Hive performance tuning (a) ---- file storage format and compression mode selection

  • Rational use of file storage format

    When the construction of the table, to make use of orc, parquet storage format columns because the columns of storage tables, each column of data is stored together physically, will only need to traverse the column Hive data query, data processing greatly reduced the amount.

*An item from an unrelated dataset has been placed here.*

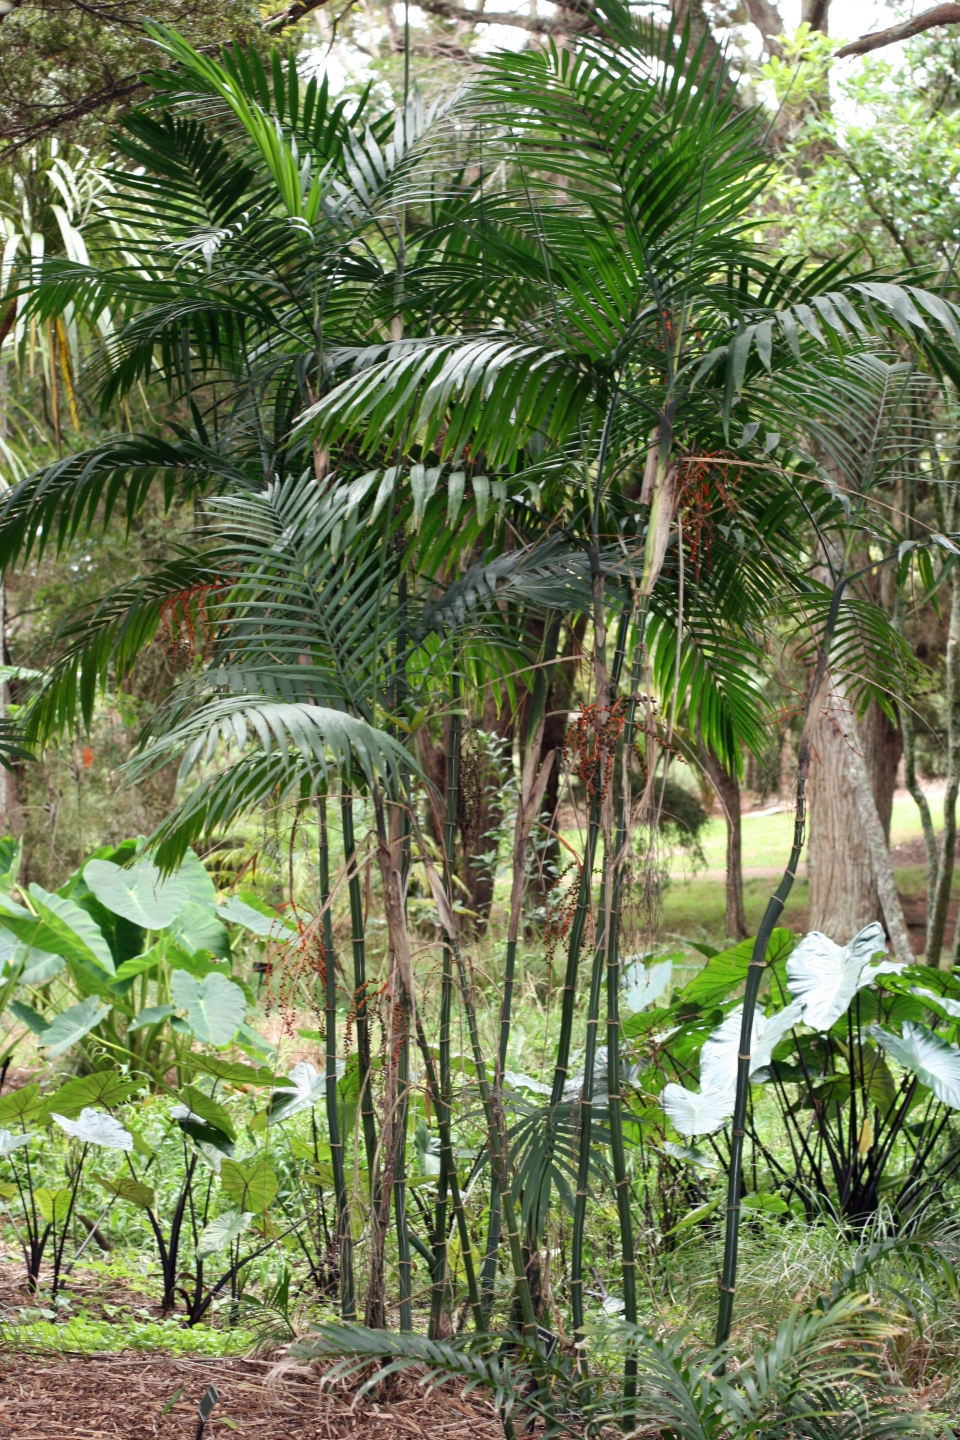 Chamaedorea costaricana

  • Use the appropriate file compression

    Hive is ultimately converted MapReduce programs to be executed, and MapReduce performance bottleneck is the disk and network IO IO, to resolve performance bottlenecks, the most important is to reduce the amount of data, data compression is a good way. Although the compression the amount of data, but the compression process consumes the CPU, but in Hadoop, often not the performance bottleneck CPU, CPU pressure is not great, the full use of compressed comparison idle CPU.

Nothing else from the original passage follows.